ANVIL_CLUSTER_SECRET: "must-be-a-long-and-random-secret-for-cluster-gossip"

# --- Networking for Host B ---
HTTP_BIND_ADDR: "0.0.0.0:9000"
GRPC_BIND_ADDR: "0.0.0.0:50051"
QUIC_BIND_ADDR: "/ip4/0.0.0.0/udp/7443/quic-v1"
PUBLIC_ADDRS: "/ip4/203.0.113.2/udp/7443/quic-v1"
PUBLIC_GRPC_ADDR: "http://203.0.113.2:50051"
ENABLE_MDNS: "false"

# --- BOOTSTRAP from Host A ---
BOOTSTRAP_ADDRS: "/ip4/203.0.113.1/udp/7443/quic-v1"
# Note: No `command` is needed, as we are NOT initializing a cluster
ports:
- "9000:9000"
- "50051:50051"
- "7443:7443/udp"

Step 3: Launch the New Node

On Host B, run the following command:

docker-compose -f docker-compose.node.yml up -d

What Happens Next?

  1. anvil2 starts up on Host B.
  2. It reads its BOOTSTRAP_ADDRS and connects to anvil1 on 203.0.113.1:7443/udp.
  3. anvil1 accepts the connection.

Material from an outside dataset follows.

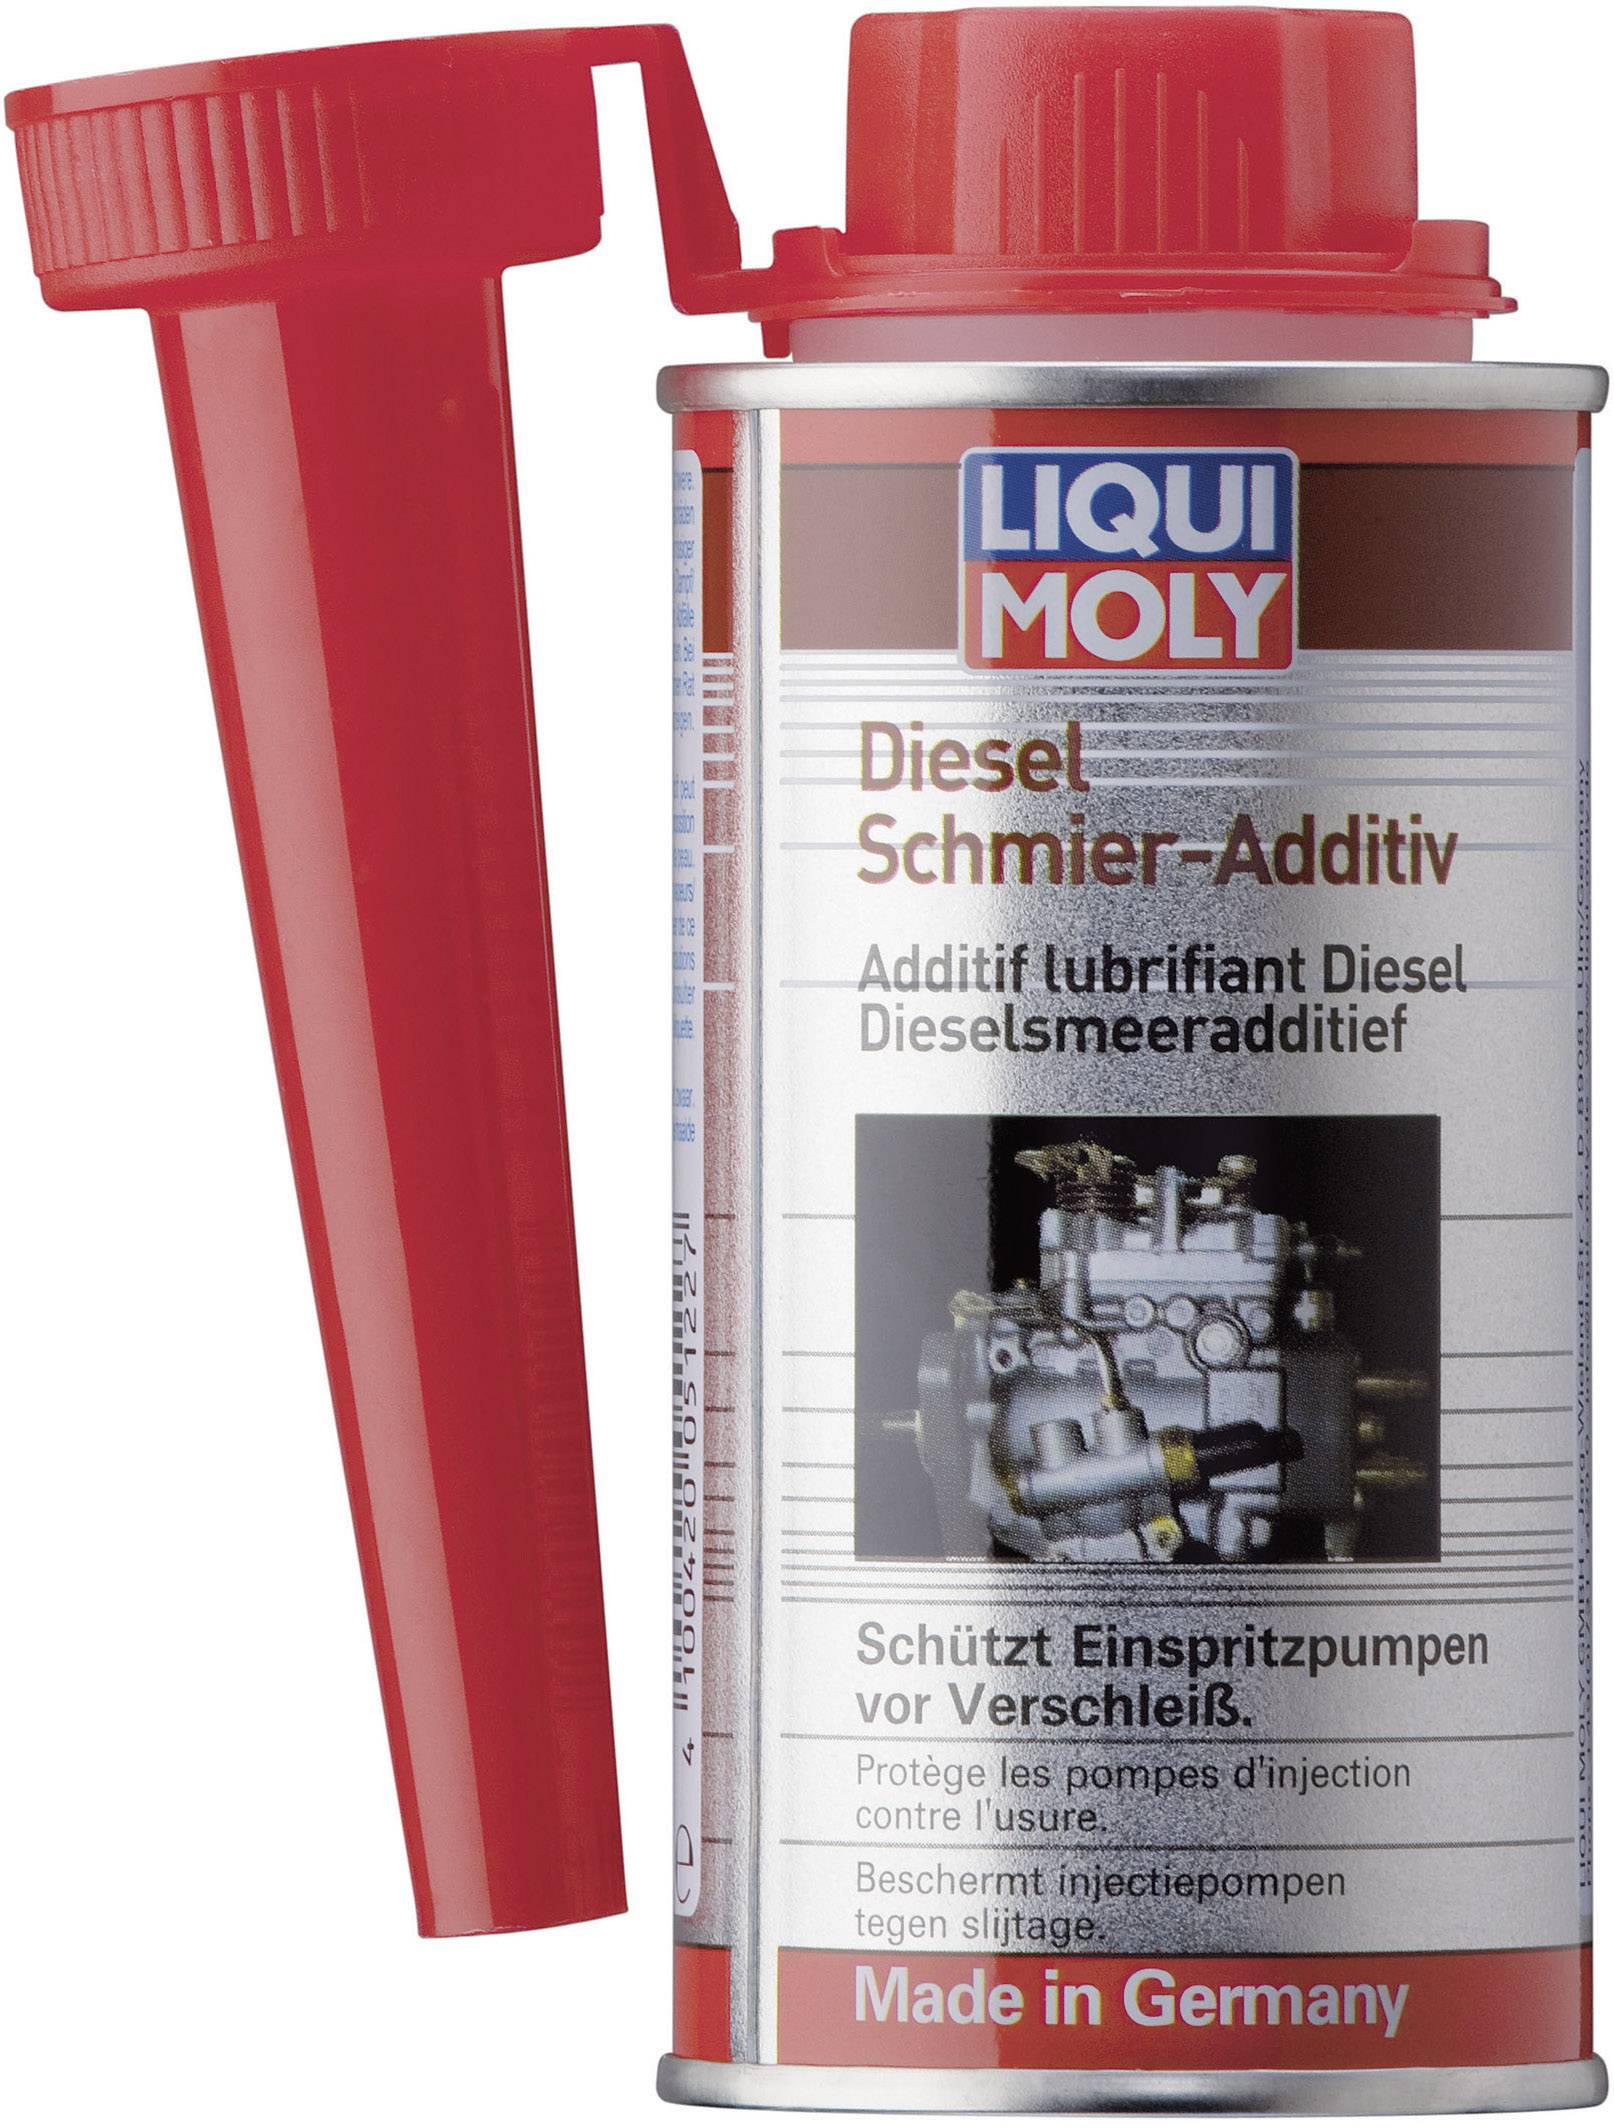 Buy Liqui Moly Diesel lubricant additive 5122 150 ml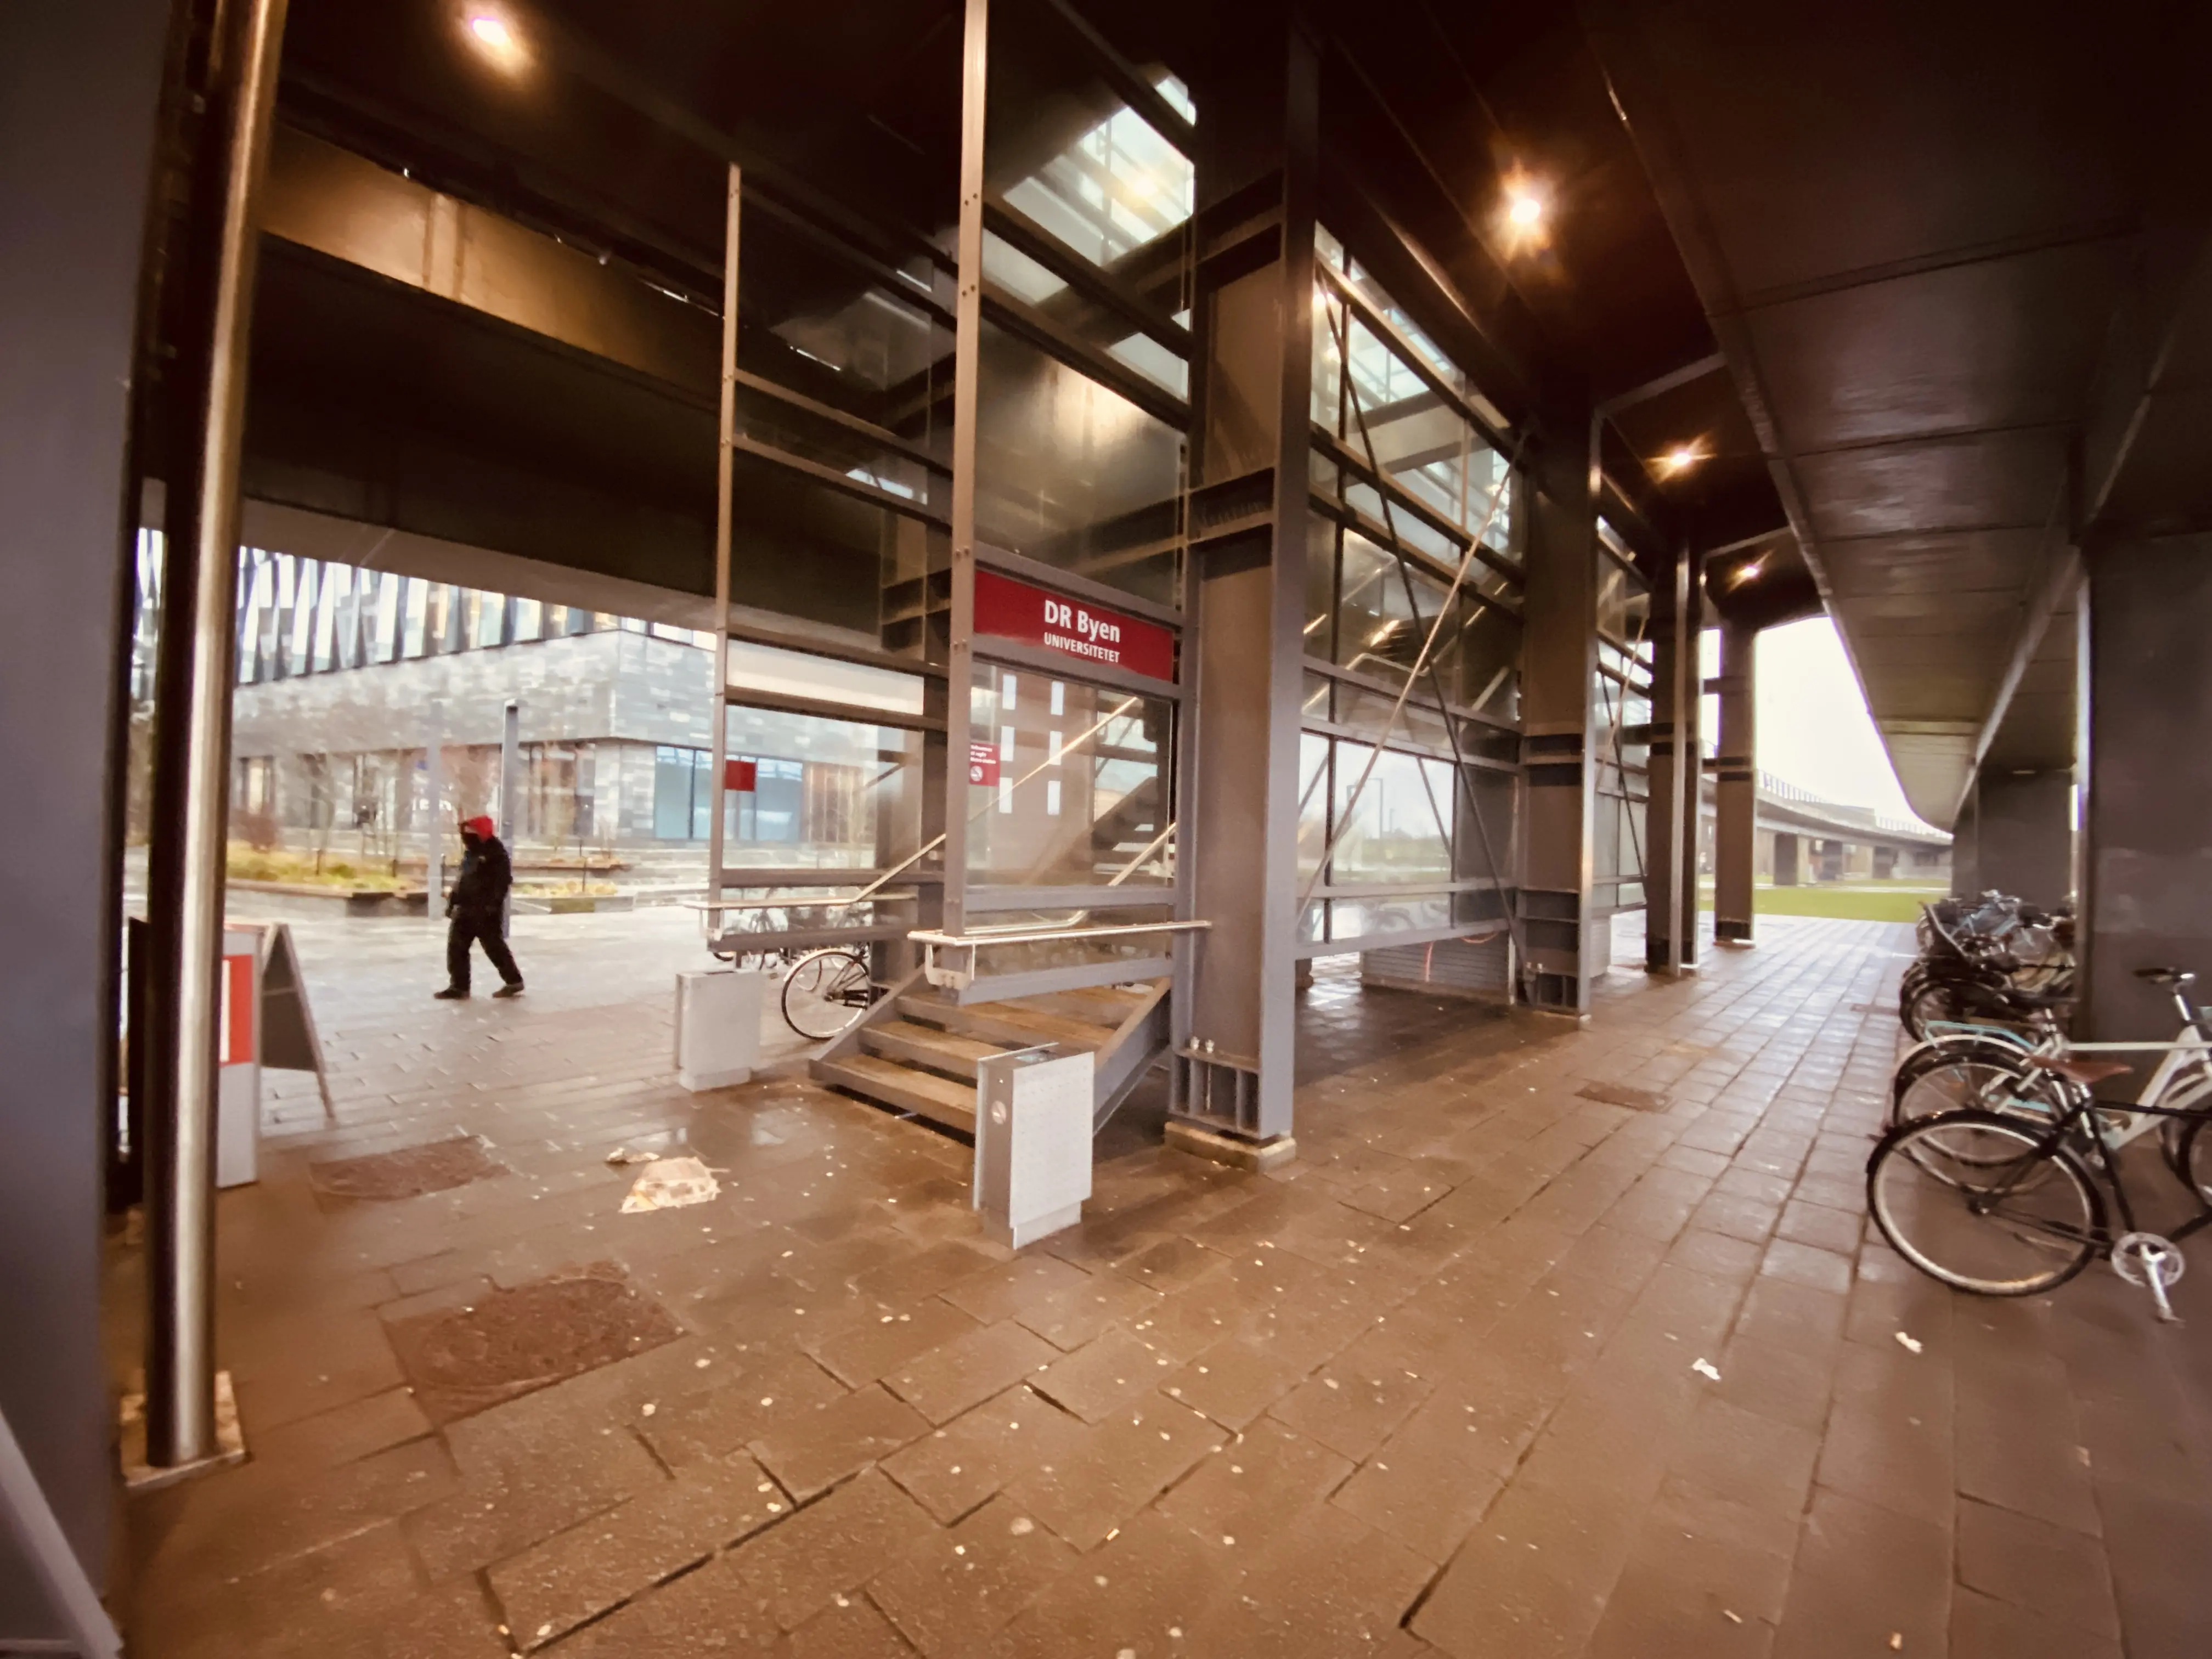 Billede af DR Byen Metrostation.

The two nodes exchange information via the gossip protocol.
  4. anvil2 learns about all other nodes anvil1 knows about (if any), and vice-versa.
  5. Within seconds, anvil2 is a fully integrated member of the cluster and will be considered by the PlacementManager for storing new object shards.

This process can be repeated for anvil3, anvil4, and so on, allowing you to scale your cluster horizontally across many machines.

8.2. Multi-Region Deployments

For large-scale, geographically distributed deployments, Anvil supports a multi-region architecture. This allows you to place data closer to your users, reducing latency and improving performance.

Key Principles:

  • Single Global Database: All regions share one GLOBAL_DATABASE_URL. This database acts as the central authority for tenants, buckets, and policies.
  • Separate Regional Databases: Each region has its own, independent REGIONAL_DATABASE_URL. This is where the high-volume object metadata for that specific region is stored.
  • Regional Peering: Nodes within a region form a cluster. While cross-region communication is possible for future features like replication, the primary storage and retrieval operations happen within a single region.

To Deploy a New Region:

  1. Set up a new PostgreSQL database for the new region.
  2. Run the regional database migrations against this new database.
  3. Register the new region in the global database using the admin CLI:
    anvil admin regions create --name <NEW_REGION_NAME>
  4. Launch new Anvil peers in the new geographical location, configuring them with:
    • The shared GLOBAL_DATABASE_URL.
    • The new region's REGIONAL_DATABASE_URL.
    • The new region's name in the REGION variable.

8.3. Understanding Peer Discovery (Gossip & mDNS)

Anvil uses a SWIM-like gossip protocol to manage cluster membership. This is a highly efficient and decentralized approach.

  • Gossip: Each peer periodically sends its state to a few other random peers. This information spreads virally through the cluster, ensuring that all nodes eventually converge on the same view of the cluster's membership.
  • Failure Detection: If a peer fails to respond to pings from its neighbors, it is marked as "suspect." If it remains unresponsive, it is eventually removed from the cluster state by all peers.
  • mDNS (Multicast DNS): For local networks (like a single data center or a Docker network), Anvil can use mDNS to automatically discover peers without needing a bootstrap address. This is enabled by default (ENABLE_MDNS=true) and is useful for simplifying local development and testing.